Повинуясь сигналу трубы, означавшему в данном случае приказ, блуждавшие по месту битвы мародеры поспешили к своим отрядам. Еще несколько секунд, и уже поворачивающиеся лицом к озеру часовые поторопили бы замешкавшегося на поле одиночку-бойца, вначале словесно, а затем и стрелами. Хоть Дарк был полностью не уверен в успехе своего недоработанного замысла, но делать нечего, нужно было либо срочно действовать, либо с позором сдаваться на милость врагу. Поскольку второе было абсолютно неприемлемо, Аламезу не оставалось ничего иного, как только рухнуть навзничь на груду мертвых тел и медленно, осторожно поползти по трупам, не спуская глаз с часовых.
Через нос моррон старался не дышать, рот держал лишь слегка приоткрытым, хоть это и не избавило его обоняние от массы неприятных запахов, а открытые участки лица и рук от неприятных соприкосновений с липкой слизью. О происхождении этой мерзкой субстанции противно было даже подумать, в лучшем случае это была всего лишь медленно густеющая кровь, в худшем – та же кровь, но только с примесью желудочных соков, вытекающих по капле наружу из распоротых брюшин.

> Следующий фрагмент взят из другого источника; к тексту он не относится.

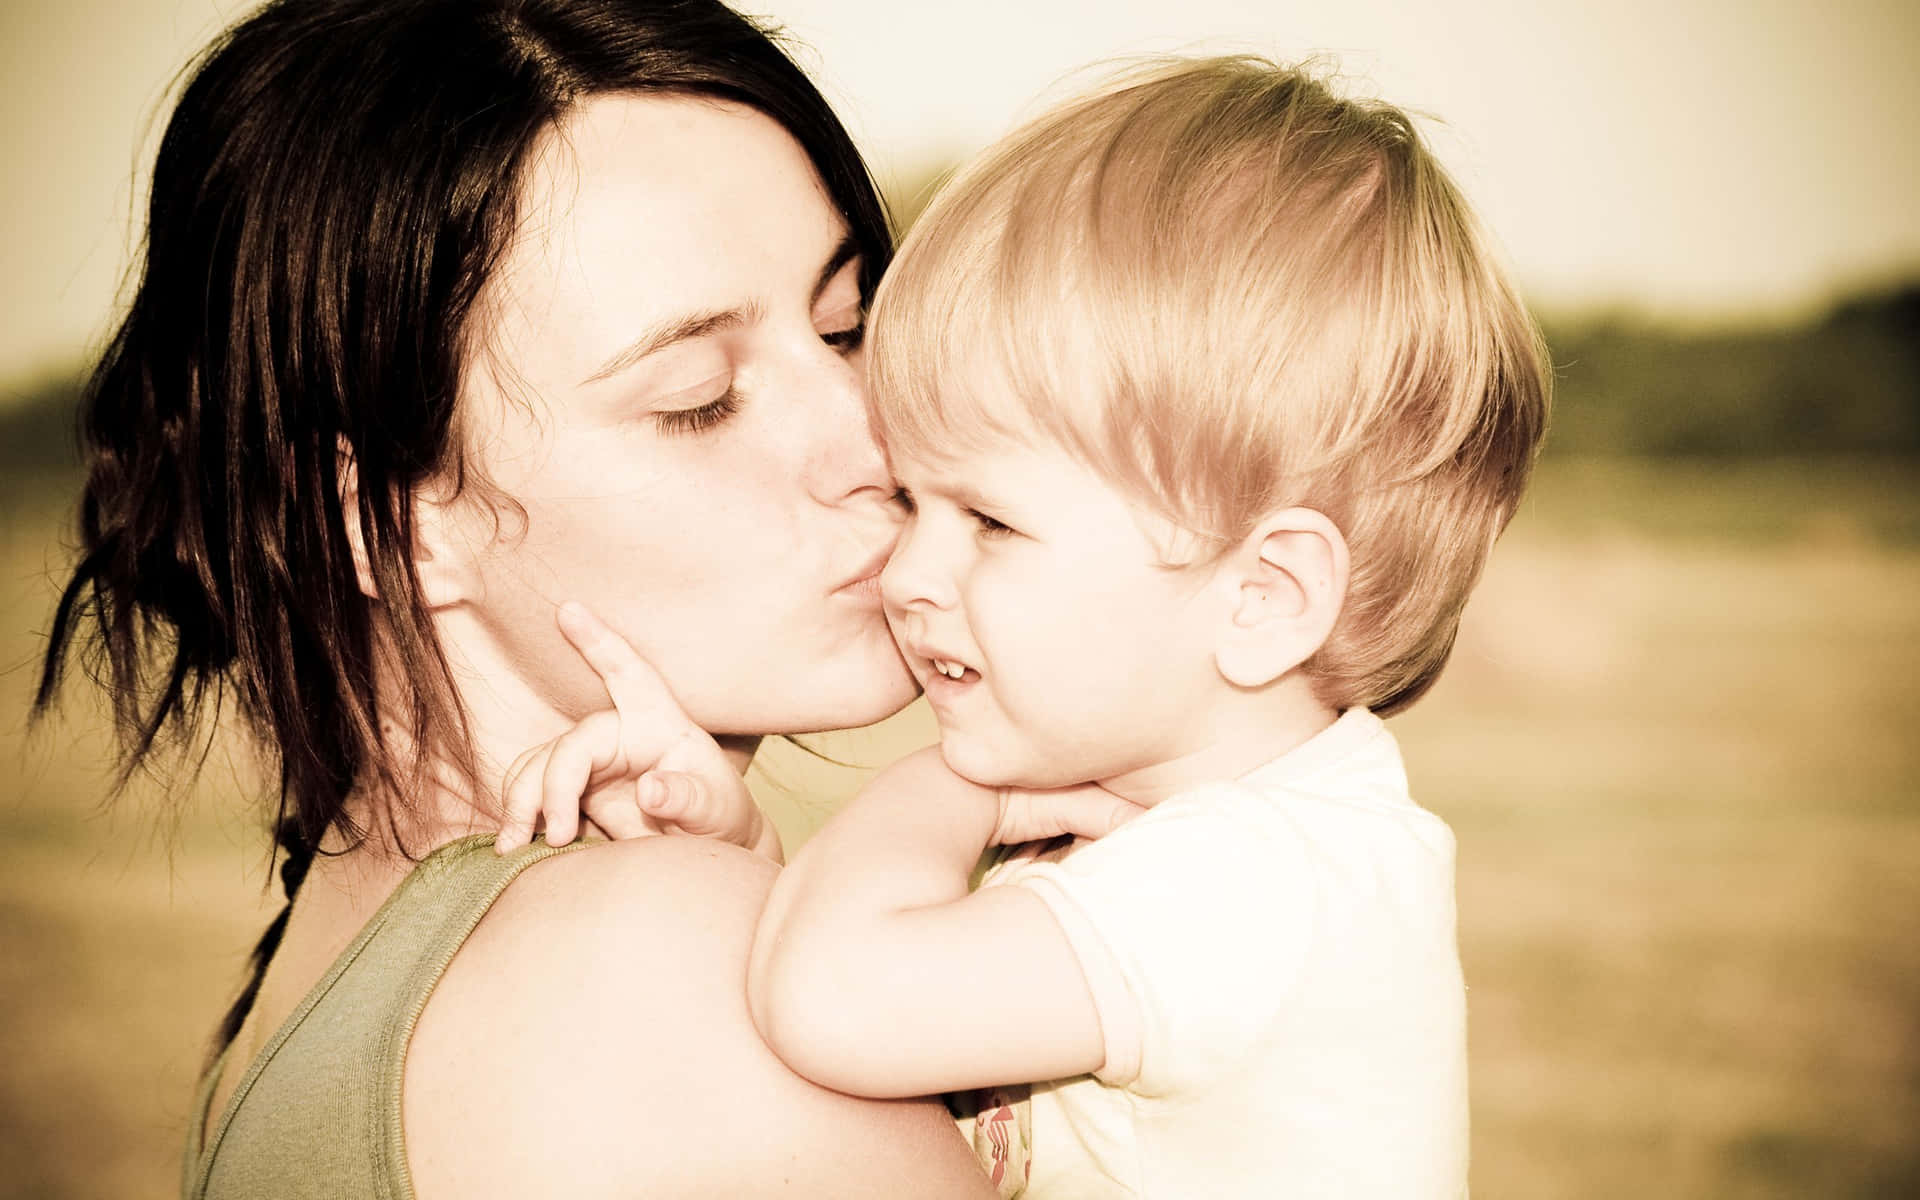 A Woman Kissing Her Child In A Field
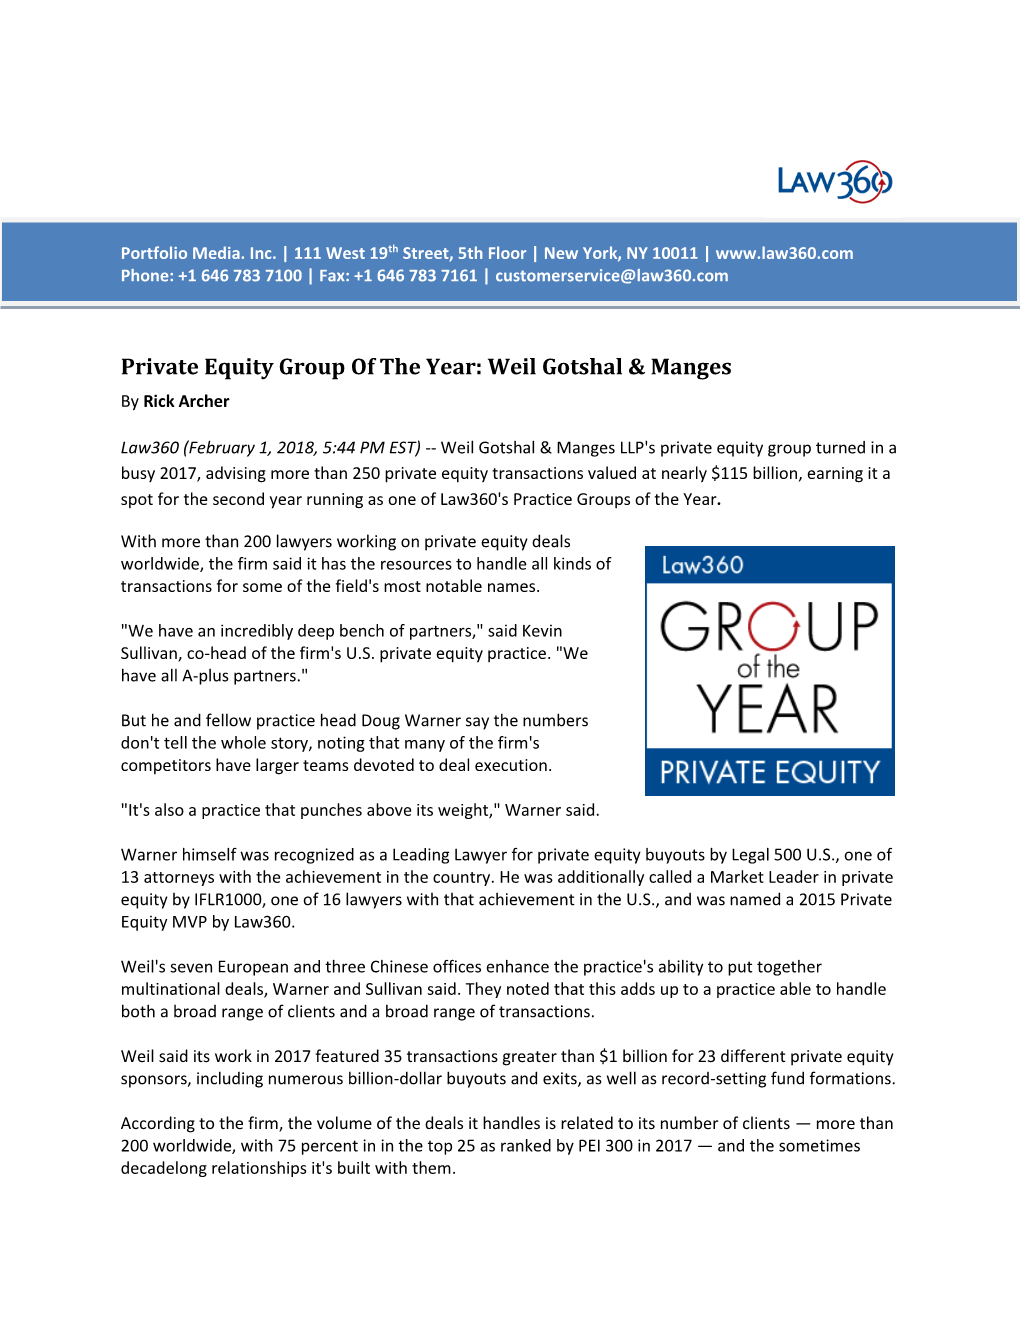 Private Equity Group of the Year: Weil Gotshal & Manges by Rick Archer

Прогулка по-пластунски была омерзительной, но позволила Дарку незаметно проползти сквозь цепь часовых. Дело было даже не в том, что шеварийские караульные были брезгливы и старались не замечать, что вокруг них лежат кучи мертвых тел, чересчур быстро разлагающихся и отвратно пахнущих. Суть замысла моррона крылась в том, что искусственное освещение, особенности которого он уже постиг, не позволяло видеть часовым мелкие детали и замечать изменения на почти однородном, монотонном темно-зеленом фоне, простирающемся как вдали от них, так и прямо у них под ногами. Если бы Дарк шел в полный рост, то был бы как на ладони, но когда он пополз по трупам, то фактически превратился в невидимку.
За пять минут, которые потом было противно вспоминать, моррон беспрепятственно добрался до баррикады и скрылся за ней. Теперь ему уже ничто не мешало подняться в полный рост и бегом добраться до распахнутых настежь ворот, за которыми простирался неизвестный мир махаканских подземелий. На этот раз никто не пытался Дарка остановить ни руганью, ни болезненными ударами в живот. Великий Горн удлинил «поводок», на котором держал позаимствованного на время моррона.
* * *
Подземный мир махаканских пещер пленил Аламеза своей диковинной красотой и яркостью красок, однако не заставил позабыть о делах, срочность которых то и дело подтверждали звуки походных труб, доносившиеся с захваченной пограничной заставы. Проведя перекличку, но так и не обнаружив в своих рядах чужака, шеварийские войска готовились к броску, а значит, фора моррона составляла не более десяти-пятнадцати минут.
Медленно обведя взором нереально красивый, изобилующий цветами и многообразием их бесчисленных оттенков пейзаж открывшегося перед ним подземного ландшафта, Дарк печально вздохнул. К сожалению, он должен был убить в себе ценителя прекрасного и продолжить путь, хоть мог любоваться часами высокими пещерными сводами и диковинной растительностью, покрывавшей пестрым ковром не только обочину аккуратно вымощенной кирпичом и ничуть не пострадавшей за долгие десятилетия запустения караванной дороги, но и неровные, покатые стены огромной подземной расщелины. Вместо этого моррону приходилось заниматься куда менее приятными, но насущными и жизненно важными делами.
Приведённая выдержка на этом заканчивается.